**** Entries shown ****

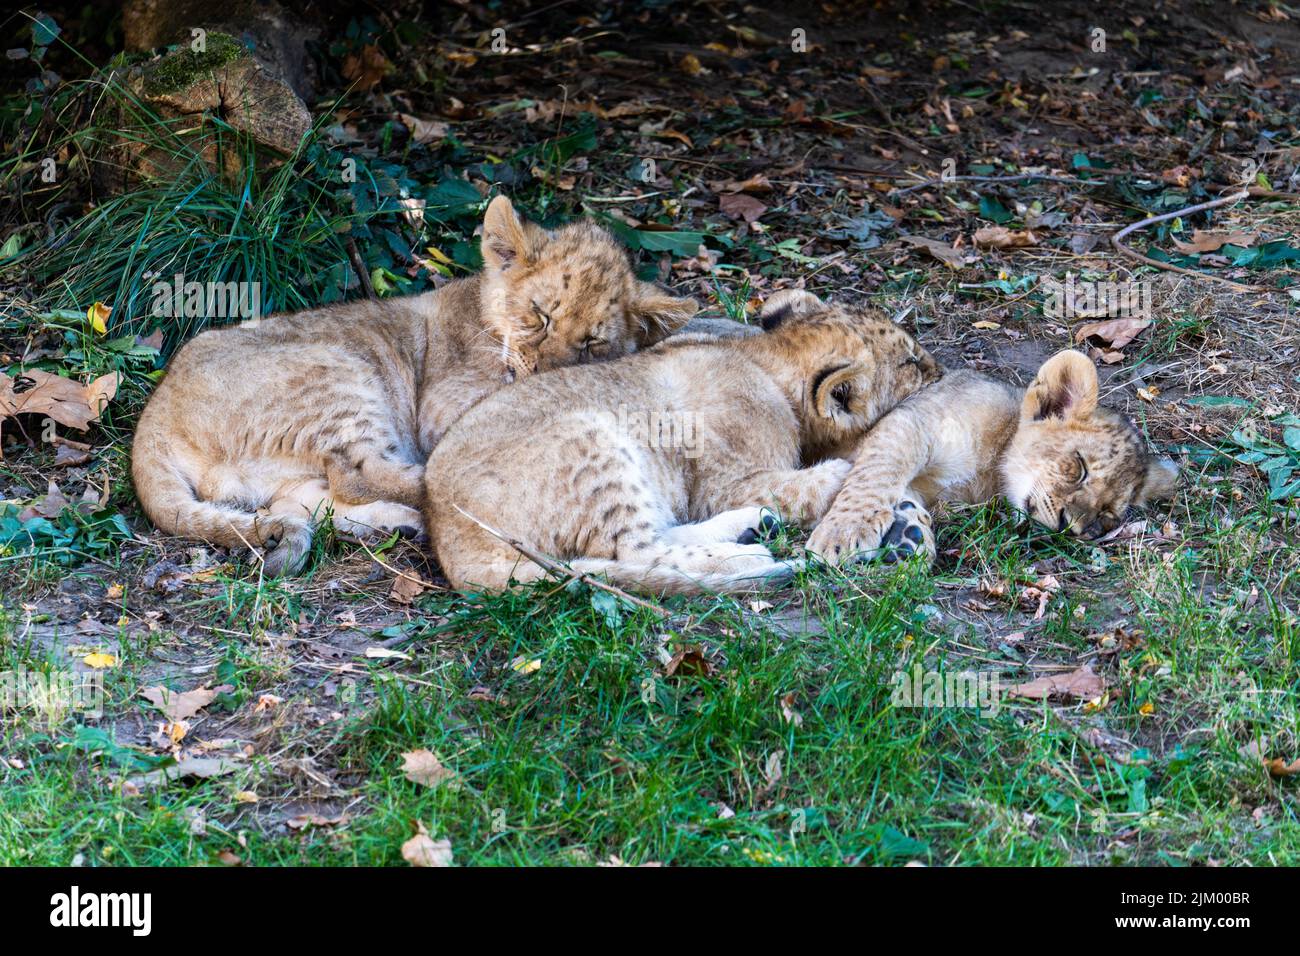 A closeup shot of 3 baby lions lying together in the grass at the Antwerp zoo,  Belgium Stock Photo
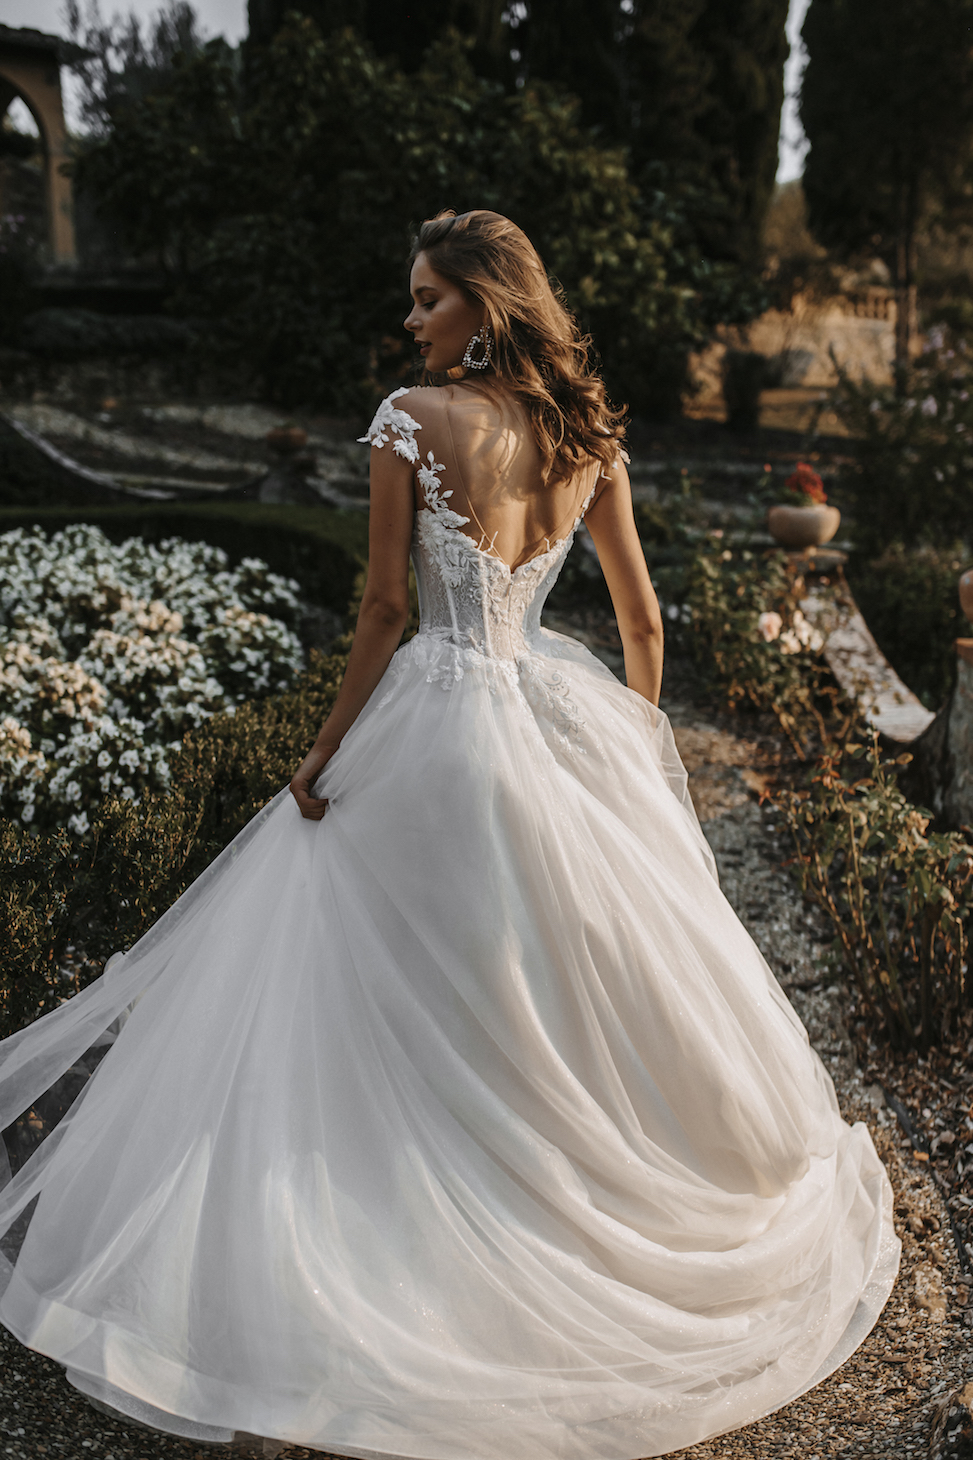 Woman twirling in a garden in a white ballgown style wedding dress
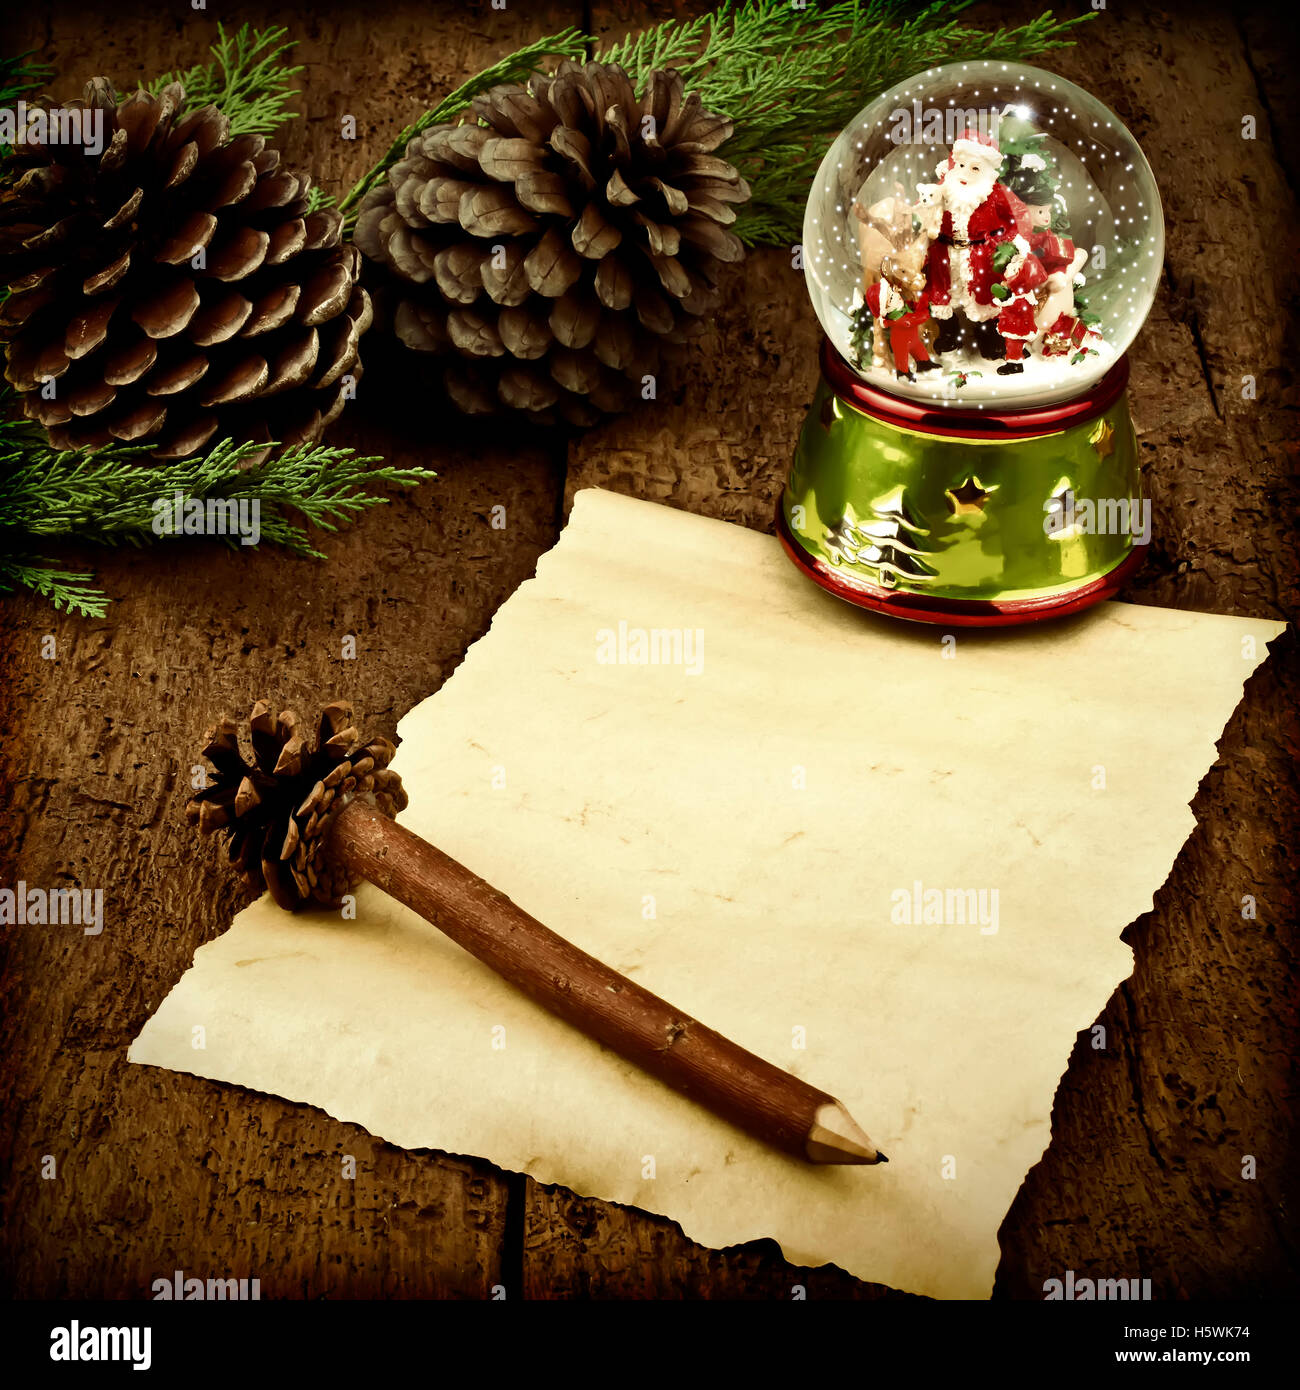 https://c8.alamy.com/comp/H5WK74/letter-blank-parchment-to-write-santa-or-greeting-the-christmas-time-H5WK74.jpg
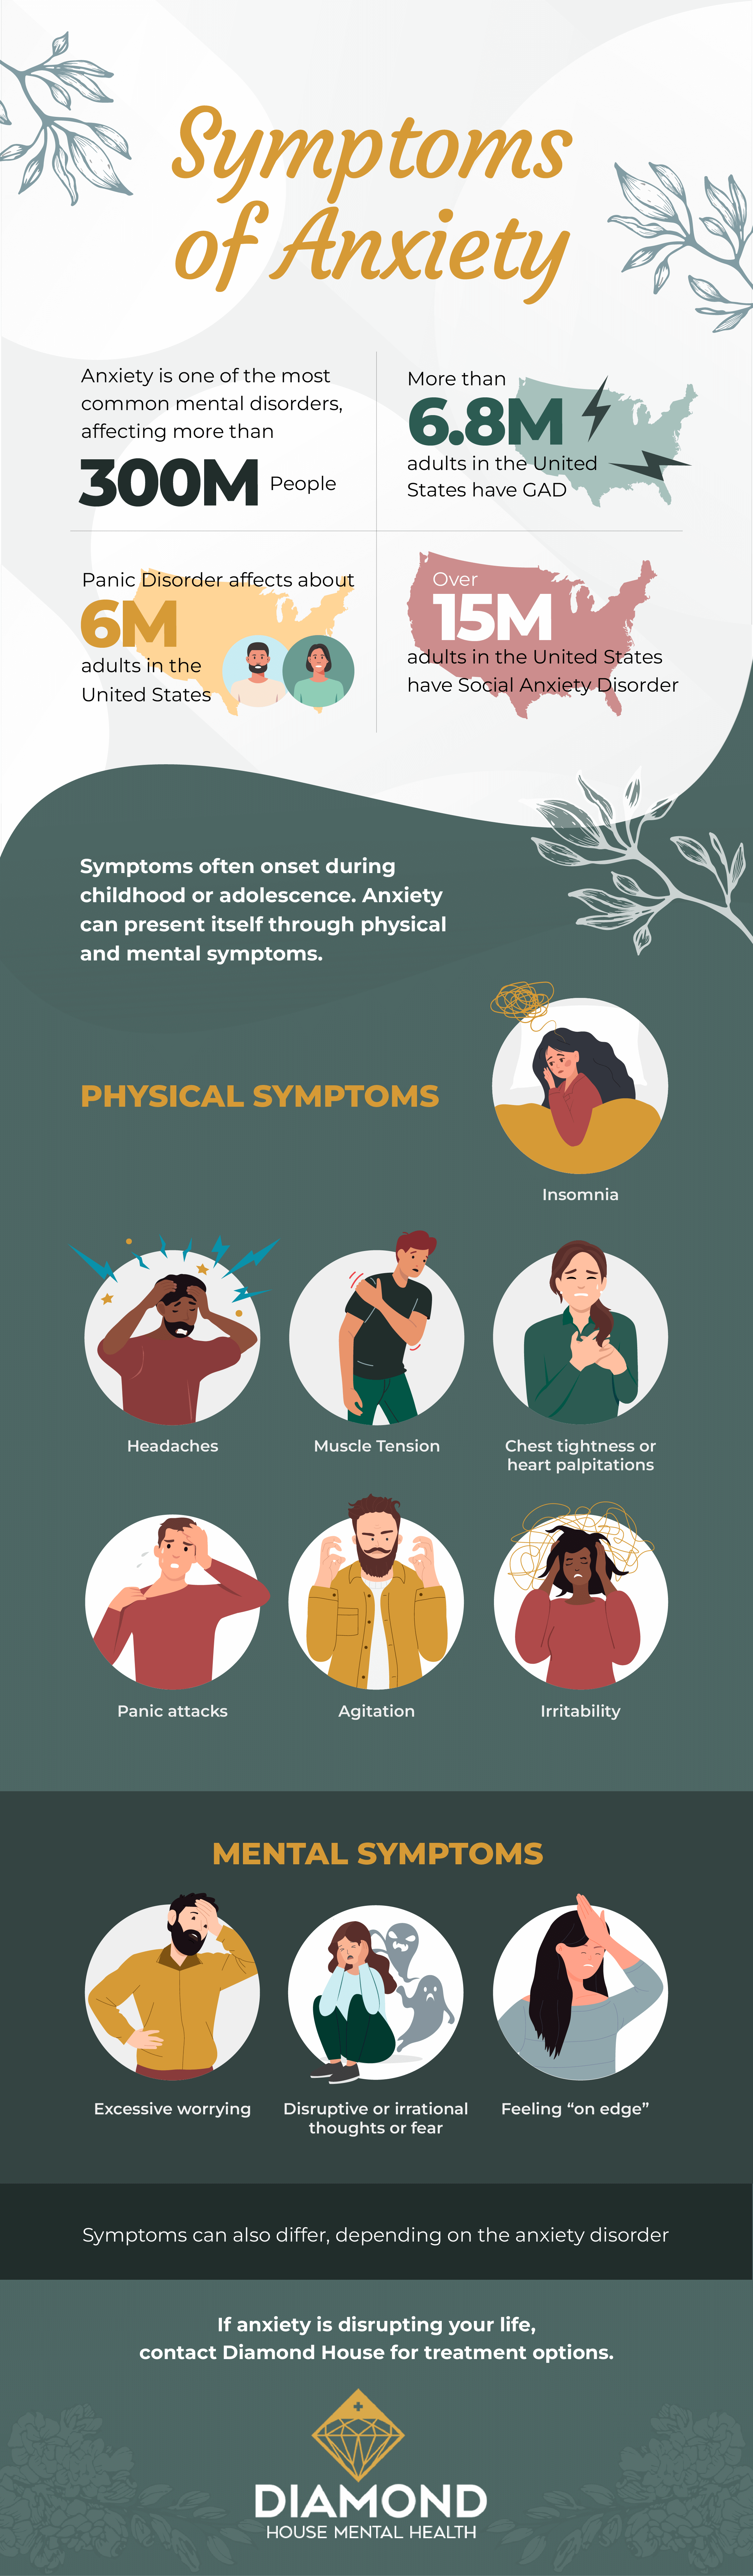 symptoms of anxiety
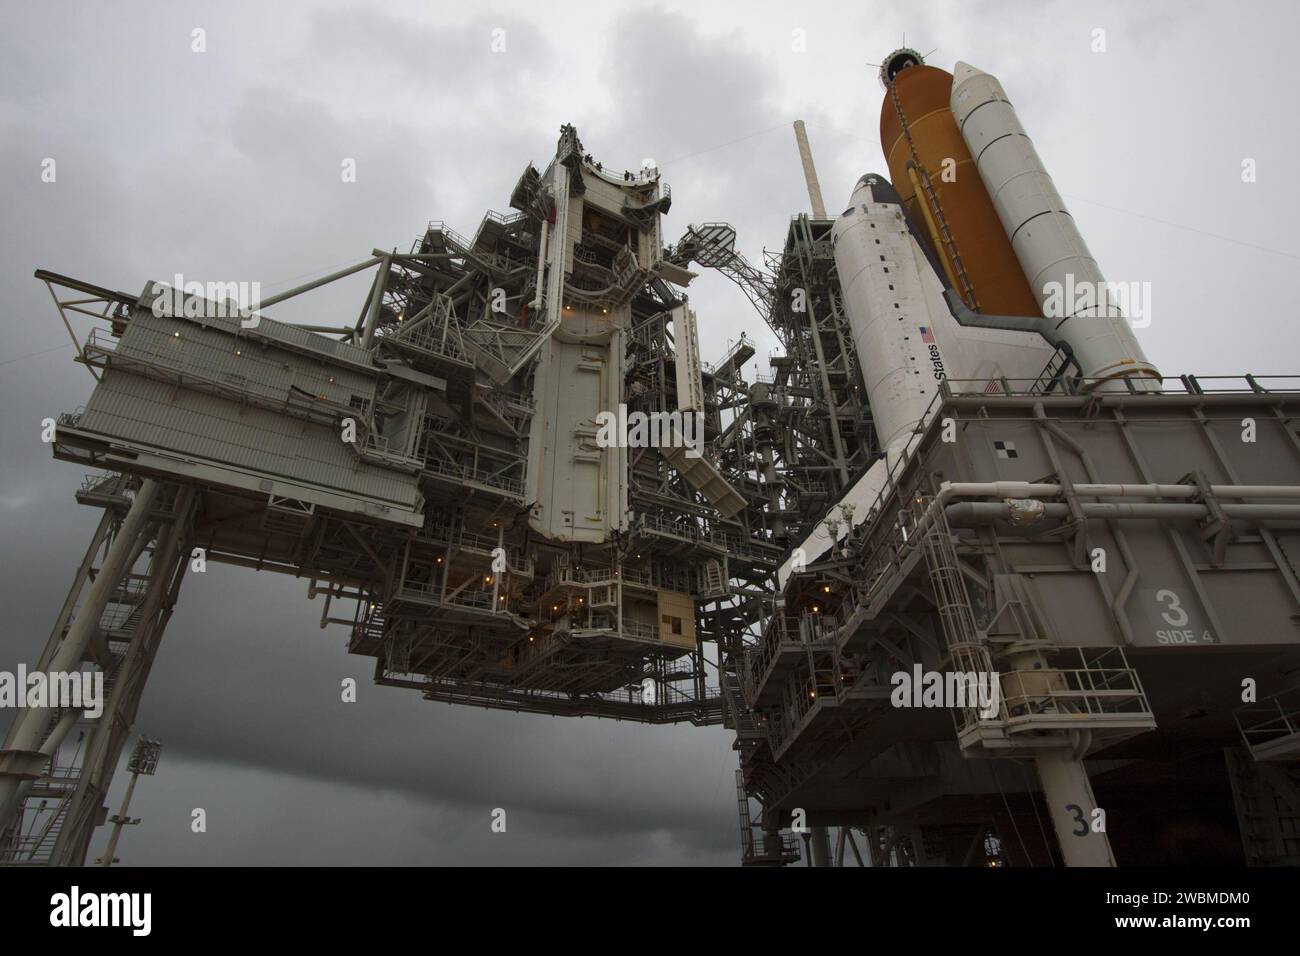 CAPE CANAVERAL, Fla. -- Space shuttle Atlantis is revealed on Launch Pad 39A at NASA's Kennedy Space Center in Florida following the move of the rotating service structure (RSS). The structure provides weather protection and access to the shuttle while it awaits liftoff on the pad. RSS 'rollback' marks a major milestone in Atlantis' STS-135 mission countdown.  Atlantis and its crew of four; Commander Chris Ferguson, Pilot Doug Hurley and Mission Specialists Sandy Magnus and Rex Walheim, are scheduled to lift off at 11:26 a.m. EDT on July 8 to deliver the Raffaello multi-purpose logistics modul Stock Photo

****

Task details. Could you return the listing above exactly, minus its pictures?

Solution to the exercise.
 A closeup shot of 3 baby lions lying together in the grass at the Antwerp zoo,  Belgium Stock Photo
 Woman twirling in a garden in a white ballgown style wedding dress
 https://c8.alamy.com/comp/H5WK74/letter-blank-parchment-to-write-santa-or-greeting-the-christmas-time-H5WK74.jpg
 symptoms of anxiety
 CAPE CANAVERAL, Fla. -- Space shuttle Atlantis is revealed on Launch Pad 39A at NASA's Kennedy Space Center in Florida following the move of the rotating service structure (RSS). The structure provides weather protection and access to the shuttle while it awaits liftoff on the pad. RSS 'rollback' marks a major milestone in Atlantis' STS-135 mission countdown.  Atlantis and its crew of four; Commander Chris Ferguson, Pilot Doug Hurley and Mission Specialists Sandy Magnus and Rex Walheim, are scheduled to lift off at 11:26 a.m. EDT on July 8 to deliver the Raffaello multi-purpose logistics modul Stock Photo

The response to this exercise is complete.